Elle a déménagé, mais garde l’appartement
où elle vivait avec Edwige. Elle y revient souvent.
Marie-Thérèse et Jean ont aussi hésité à partir,
mais ils n’ont pas pu. La chambre de Béatrice
est longtemps restée close. Puis le père a fini
par la vider avec son autre fille. Elle est devenue un bureau.
Qu’ils appellent toujours « la chambre de
Béatrice ».
« La terreur que cela se reproduise »
Pour les frères et sœurs, la relation avec les
parents devient souvent difficile. Les liens changent, deviennent
parfois agressifs au départ, quand les parents s’enferment
dans le deuil. Agnès, la sœur de Béatrice,
raconte comment « celle qui est partie grappille
peu à peu toute la place ». Elle montre les
murs du salon, où trône un seul portrait des quatre
enfants : celui de Béatrice, aux côtés
de ses peintures. Marie-Thérèse, leur mère,
sourit. « Si je m’écoutais, dit-elle,
je mettrais des tableaux partout. Nos enfants ne comprennent
pas qu’ils sont tous là, avec nous. Celui qui
est parti, c’est un besoin qu’on ne peut plus combler. »Jean,
son mari, pense qu’aujourd’hui ils les aiment « plus
profondément ». Des angoisses « à chaque
quart d’heure de retard ». Cela les a rendus
plus tolérants. Il leur semble désormais aller à l’essentiel. « Nos
enfants, résume Jean, ont plus de prix à nos
yeux, parce qu’on a pesé le poids de leur absence. »
« Cicatrice douloureuse »
Progressivement, « même si la cicatrice reste
douloureuse, elle se rouvre moins souvent, et de moins en moins
longtemps », raconte Odile. Les dates restent difficiles à passer.
Les anniversaires de l’enfant, de sa mort. Au début,
Marie-Thérèse avait mal tous les soirs, à l’heure
où ils ont retrouvé le corps. Tous les 14 du
mois aussi. Et tous les vendredis soir, sans comprendre pourquoi
il lui venait « ce mal au ventre ». Elle
a fini par réaliser que c’était le moment
où sa fille rentrait de l’internat, en lançant
un rituel « Qu’est-ce que ça sent bon,
ici ». La mère reprend l’intonation
pour le dire. Elle sourit. Mais raconte qu’il lui a fallu
du temps pour remonter l’histoire, retrouver les bons
souvenirs. « Au début, il ne vous revient
que les tensions, les affrontements. » Il a fallu
du temps aussi pour s’autoriser le plaisir, refaire des
projets sans Béatrice.
Arlette n’en est pas encore là. Il y a quelques
semaines, elle a ressenti le besoin de sortir le chien de Pierre-Alain, à la
même heure que lui, sur le même trajet. Il fallait
qu’elle demande aux riverains s’ils se souvenaient
du garçon qui tenait cette laisse, il y a quelques mois.

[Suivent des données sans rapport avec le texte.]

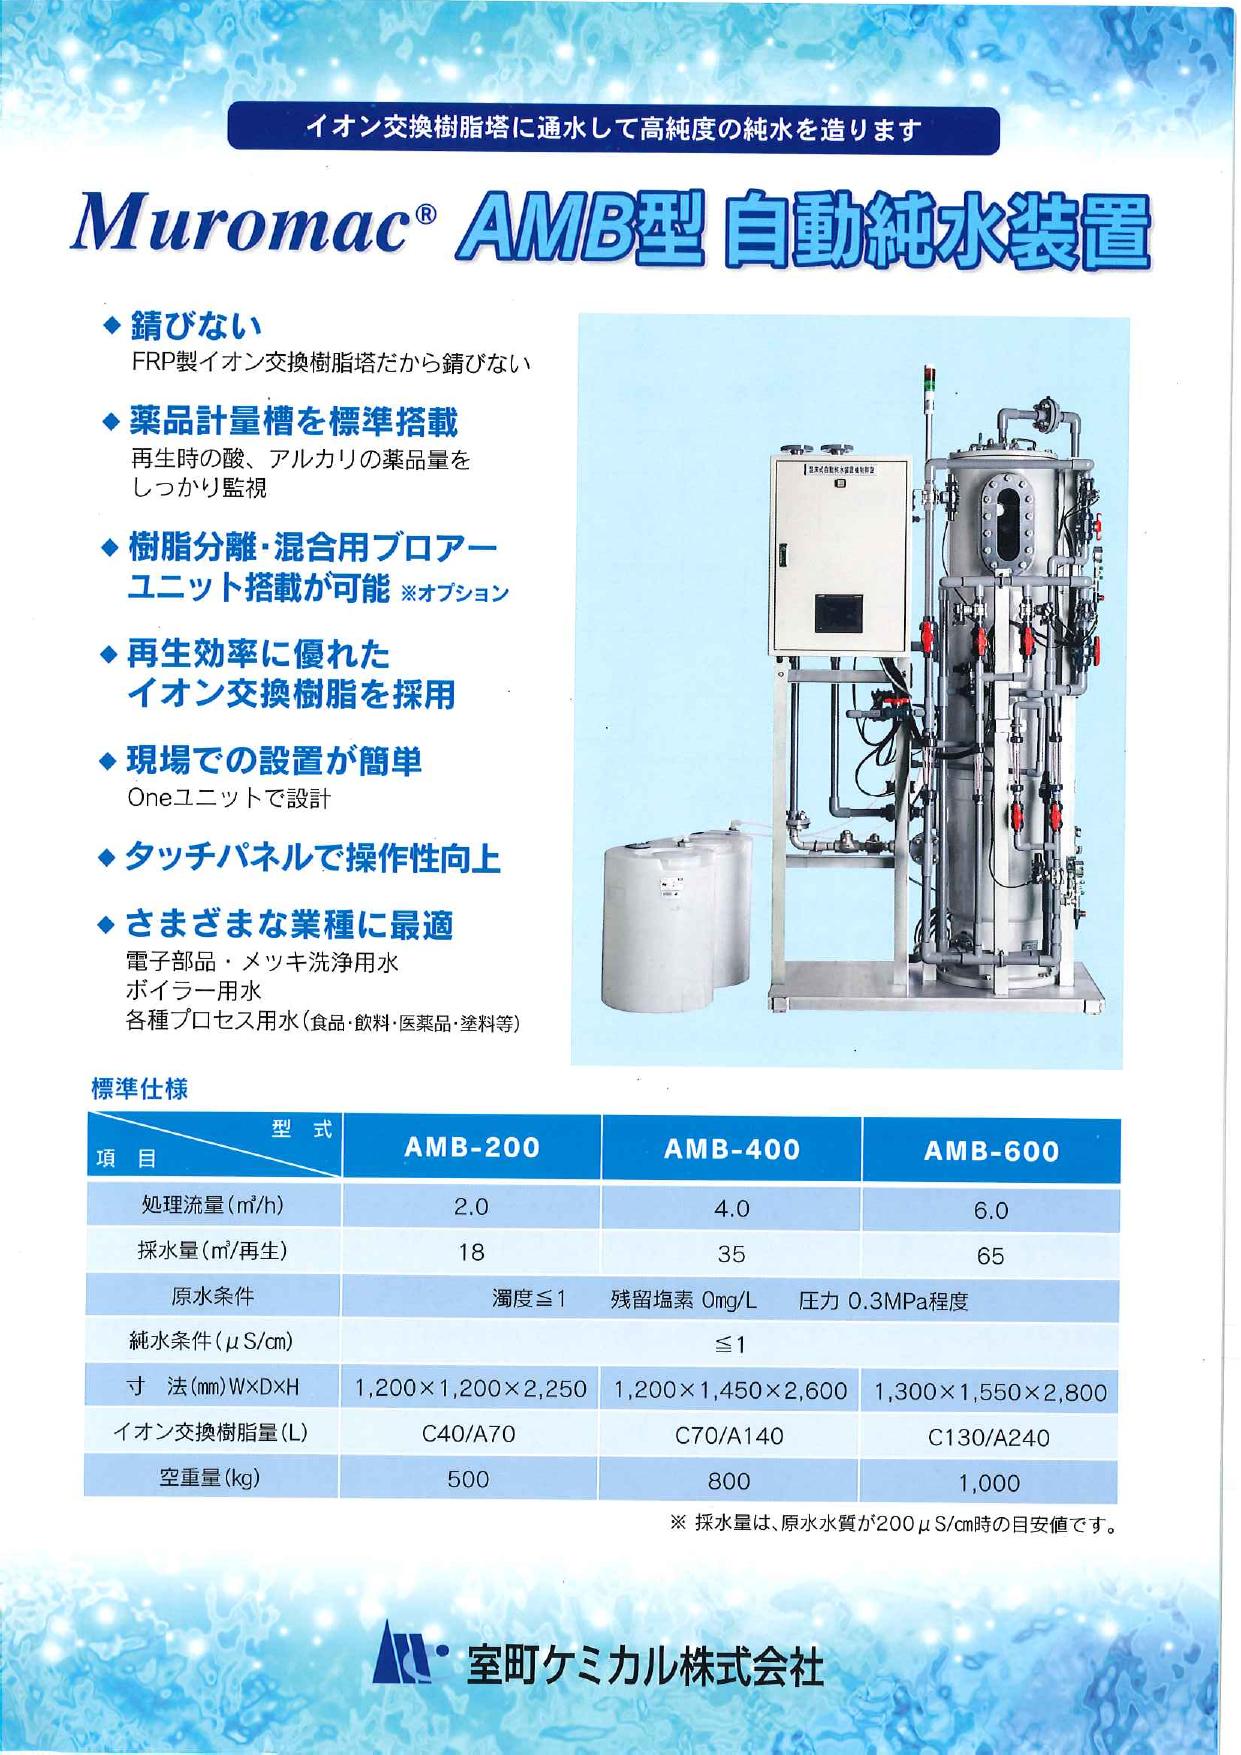 Muromac(R) AMB型自動純水装置

(…) Puis, le jour de Noël, elle est allée
manger dans le restaurant préféré de Pierre-Alain,
avec son ancien mari. Elle n’y était jamais venue.
Il se trouve en hauteur, dans un très beau village,
avec une ruine bien restaurée. Le patron était
un ami de son fils. Elle s’est présentée.
Il les a installés à la table qu’il prenait
d’habitude. Puis, après le service, il est venu
s’asseoir, et ils ont parlé longuement de Pierre-Alain.
Noël fut plus doux que prévu."
Le suicide en augmentation chez les
jeunes
"La Croix",
5 février 2003.
"(…) Le phénomène du suicide s’amplifie
chez les jeunes des pays industrialisés de façon
préoccupante depuis trois décennies. En effet,
si les jeunes sont moins nombreux que les personnes âgées à se
donner la mort, il n’en reste pas moins qu’il représente
la première cause de mortalité chez les 25-34
ans, la deuxième chez les 15-24 ans, soit entre 800
et 900 décès chaque année, les trois quarts
concernant des garçons.
L’augmentation des tentatives de suicide authentifiées
comme telles est également inquiétante. En dix
ans, elles sont passées de 40 000 à 60 000 environ,
les jeunes filles étant trois fois plus nombreuses . « J’ai
fait un petit calcul simple, explique Marie Choquet, psychologue
et directrice des programmes « santé de l’adolescent » à l’Inserm
et auteur de nombreuses enquêtes sur le suicide des jeunes,
et j’aboutis à ce résultat impressionnant :
sur une période de six à sept ans, chaque adolescent
connaîtra un copain de son âge qui aura fait une
tentative de suicide et, parfois, en sera mort. »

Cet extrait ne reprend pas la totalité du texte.